Harrington – A idéia de que tropas americanas possam intervir na Amazônia é ridícula. Sinceramente, não merece comentários. Os americanos são fascinados pela floresta, tanto quanto a maioria das pessoas em todo o mundo. Nós sabemos que existem tecnologias de desenvolvimento sustentado das florestas tropicais e que o Brasil está genuinamente interessado em preservar a Amazônia. Portanto, se pudermos ajudar de alguma forma nesse contexto, vamos fazê-lo. Eu digo com alegria que já estamos ajudando. Temos bons exemplos de cooperação brasileiro-americana na região amazônica. O serviço de florestas dos Estados Unidos vem auxiliando os brasileiros a aumentar sua capacidade de detectar e suprimir queimadas na mata. Nos anos 80, a tecnologia permitia mostrar onde existia fumaça. Agora é possível enxergar através dela e apontar com segurança a origem do incêndio. Essa tecnologia foi desenvolvida aqui no Brasil com a colaboração de cientistas americanos. Ela ainda não está disponível nos Estados Unidos. Portanto, com relação à Amazônia, gostaria de reafirmar que sempre estaremos prontos a ajudar o Brasil a desenvolver a região de uma maneira que seja inócua para o meio ambiente e faça justiça aos formidáveis recursos naturais que os brasileiros possuem. Algumas pessoas dizem que a ação das madeireiras asiáticas naquela região está fora de controle. Isso seria um risco considerável. Mas não tenho informação suficiente para fazer uma avaliação da situação.

Veja – A presença militar americana na Colômbia provocou um certo alvoroço em determinados círculos políticos no Brasil. Quais são as intenções americanas na Colômbia?

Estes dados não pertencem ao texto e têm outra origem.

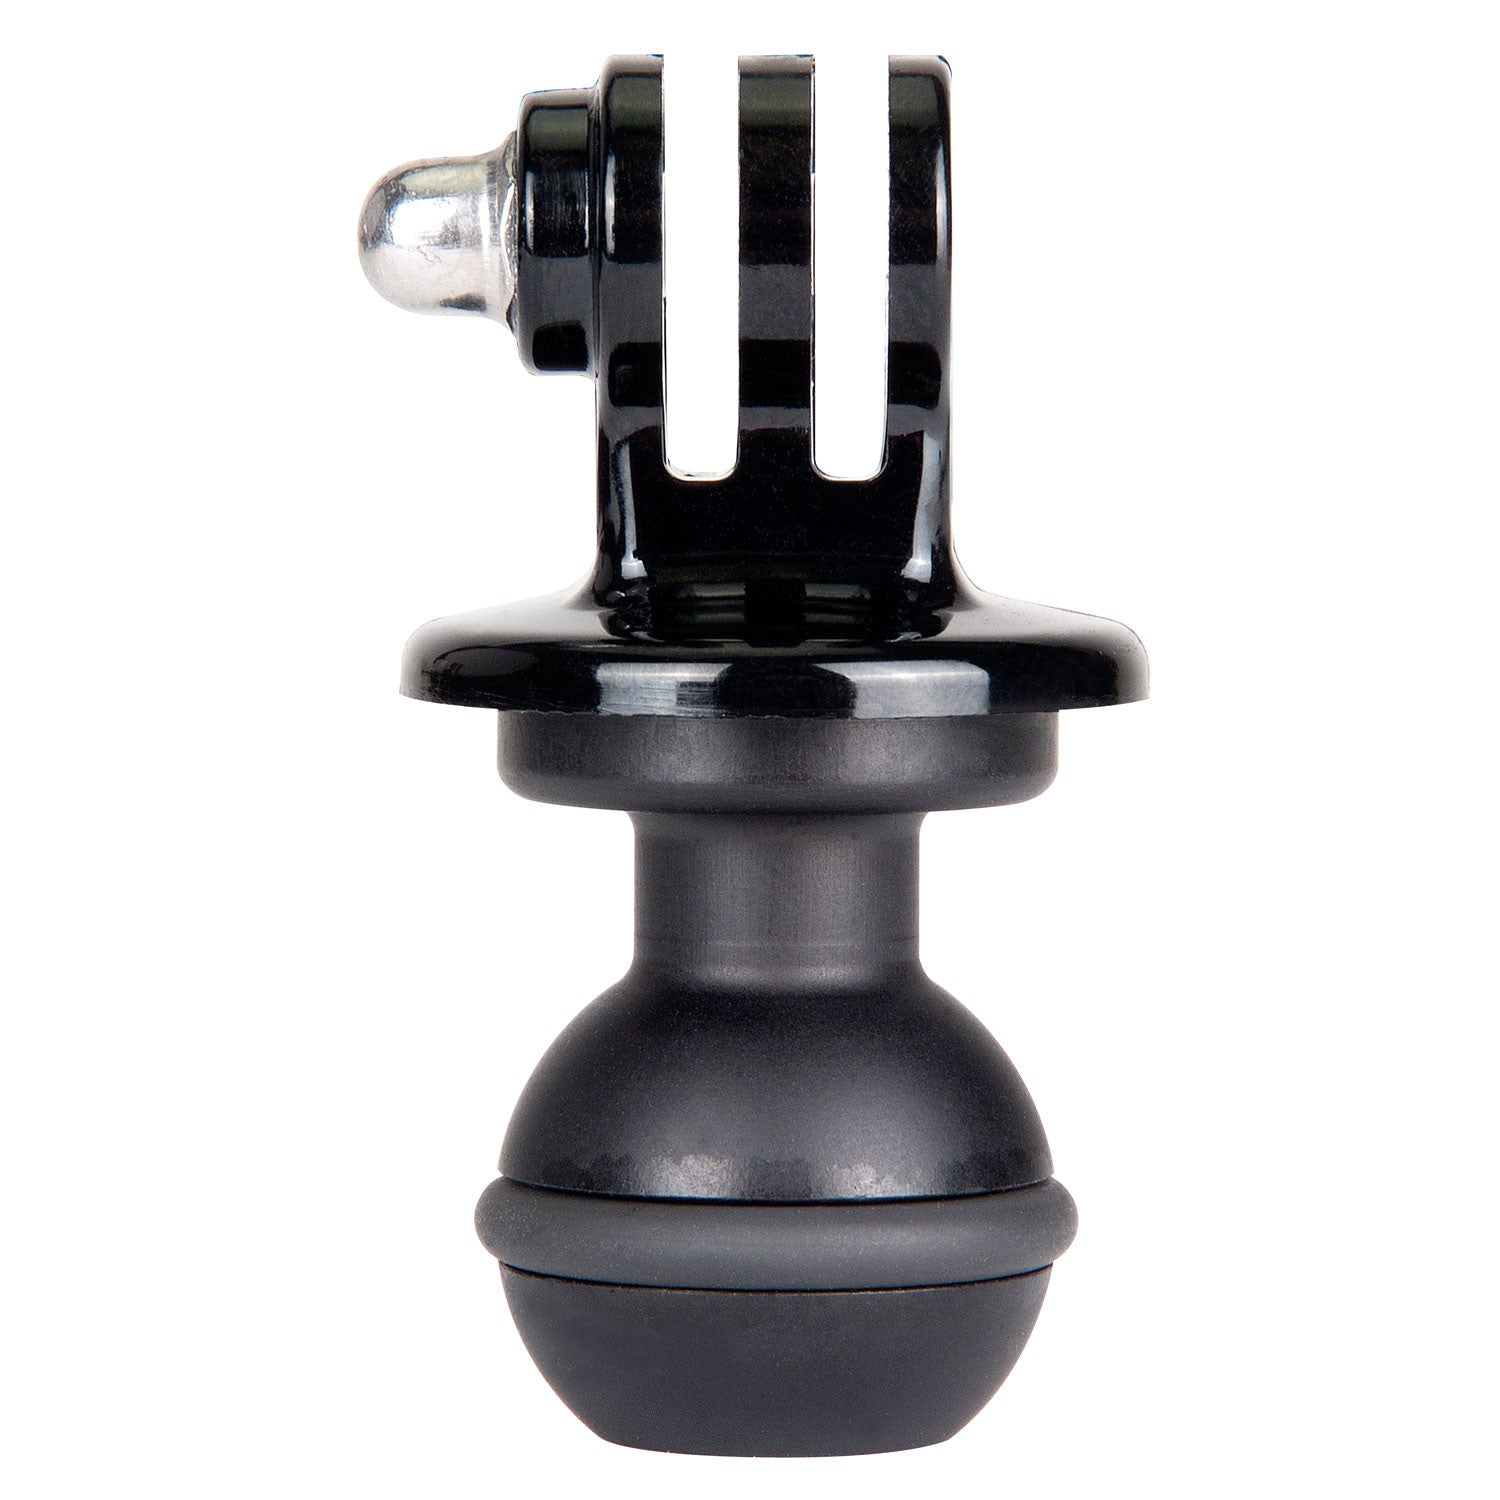 1-inch Ball Mount for GoPro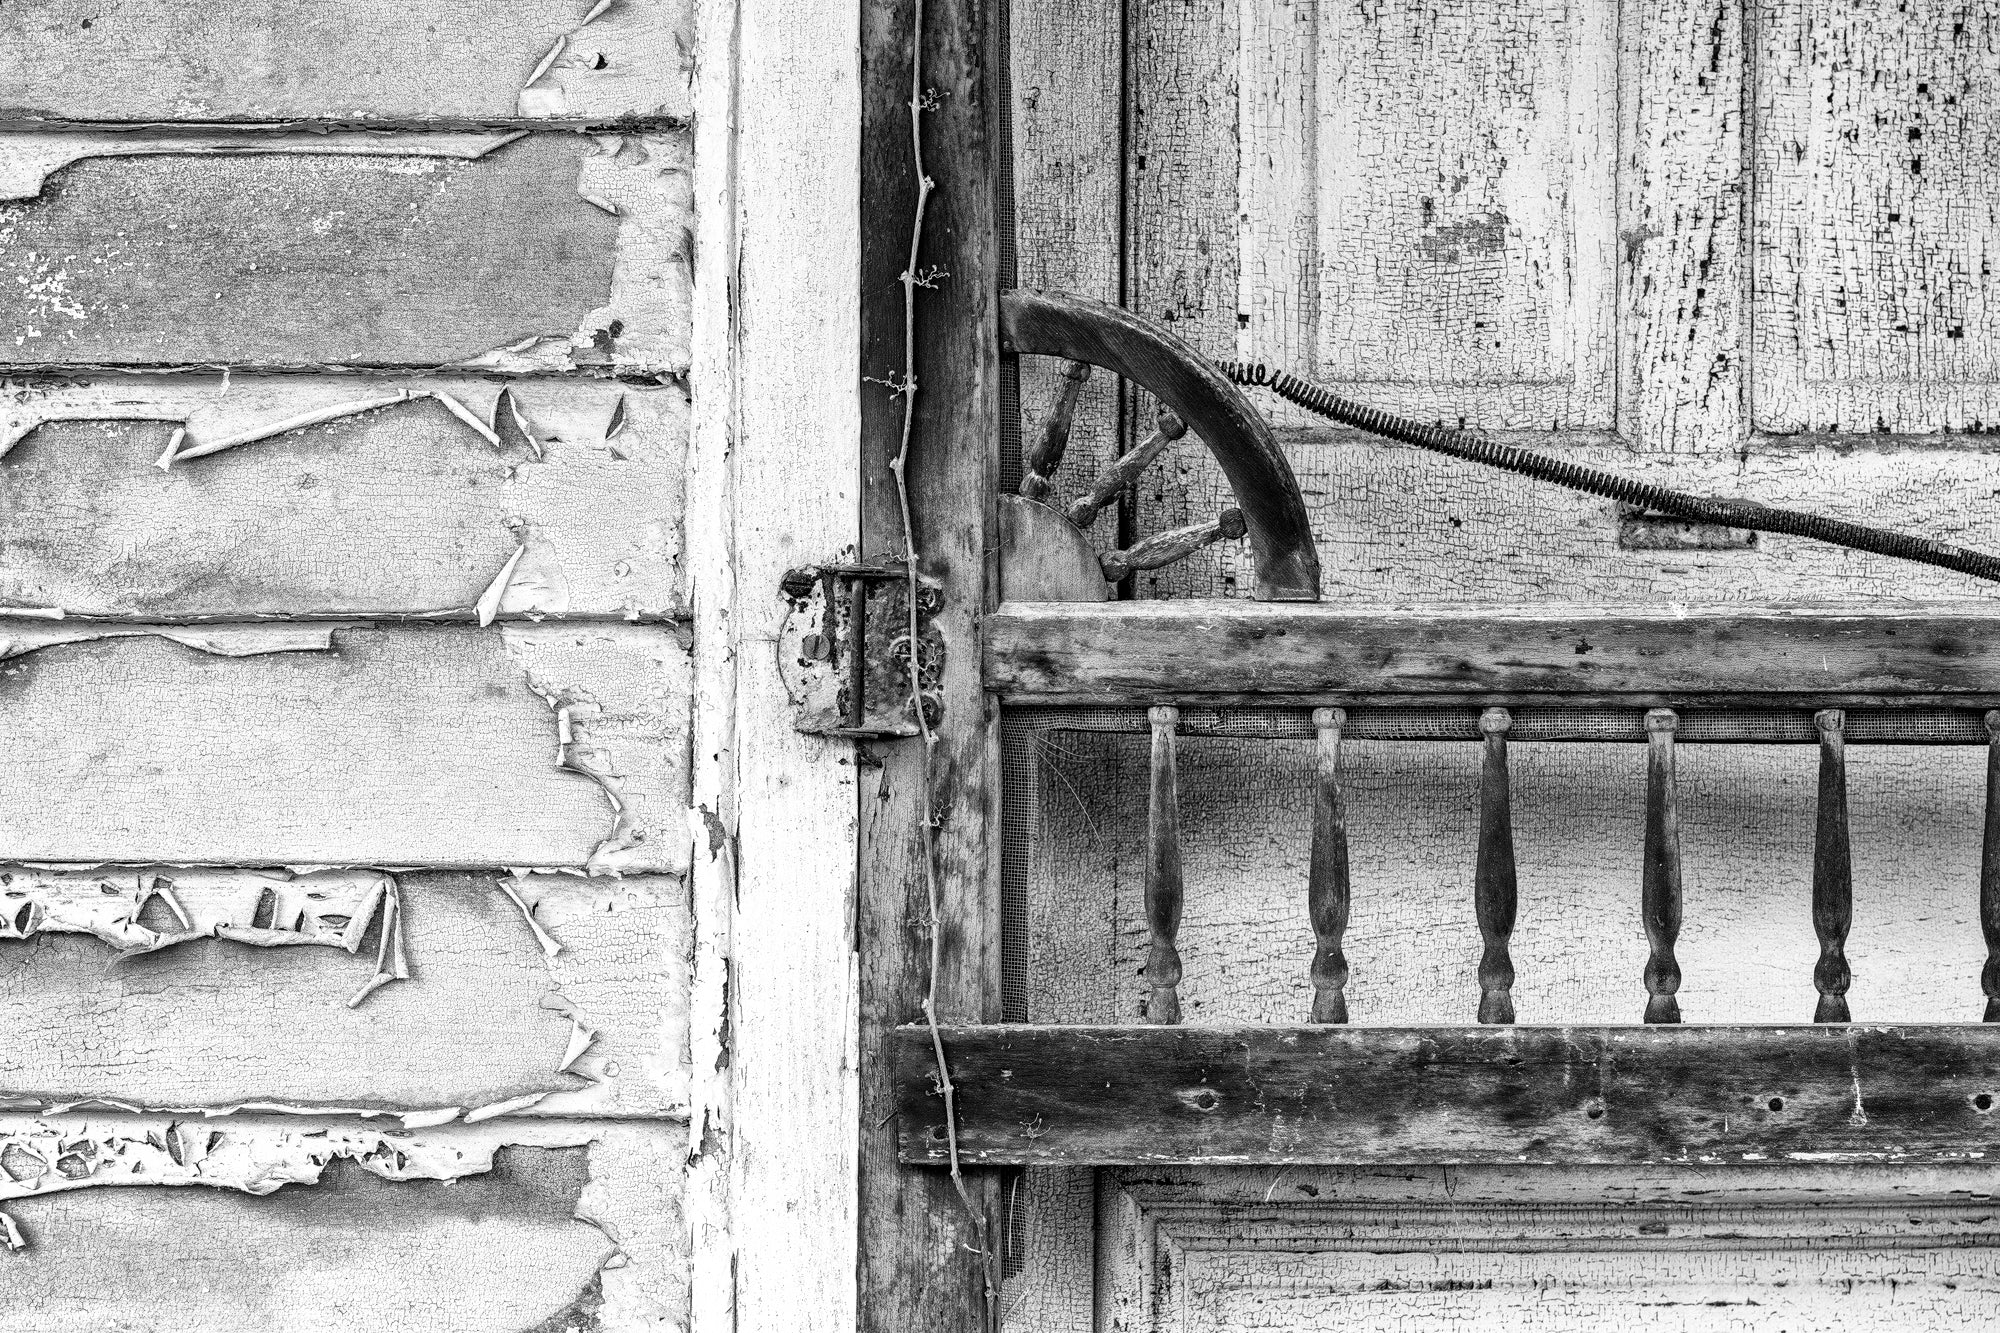 Woodwork Details on an Abandoned Country Store: Black and White Photograph by Keith Dotson. Buy a fine art print.

Harrington – São grandes e muitos os mal-entendidos a respeito do chamado Plano Colômbia. Há uma ênfase equivocada nos aspectos militares do plano. É preciso ficar claro, em primeiro lugar, que ele será implementado pelos colombianos, e não pelos Estados Unidos. Depois, dos 7,5 bilhões de dólares que serão gastos no plano, apenas 1,3 bilhão cobrirá gastos militares. A maioria dos recursos será utilizada para promover o desenvolvimento econômico, do sistema político e judicial do país. O presidente Clinton foi claro o bastante: "O problema colombiano não tem solução militar". A Colômbia não será um novo Vietnã. Isso é impensável. Para nós o principal é o processo de paz no país. Os colombianos vivem sob as agruras de uma guerra civil há muitos e muitos anos. A prioridade é ajudar o presidente Andrés Pastrana a prosseguir em seus esforços de paz com a guerrilha. Para isso, parece claro para os Estados Unidos e para os países sul-americanos também que é preciso combater o narcotráfico. Naturalmente o Brasil e os outros países vizinhos da Colômbia temem que o sucesso das operações contra o narcotráfico colombiano possa significar a exportação territorial do problema. É um temor legítimo. Mas acredito que os esforços militares e das polícias de fronteira serão suficientes para controlar a situação.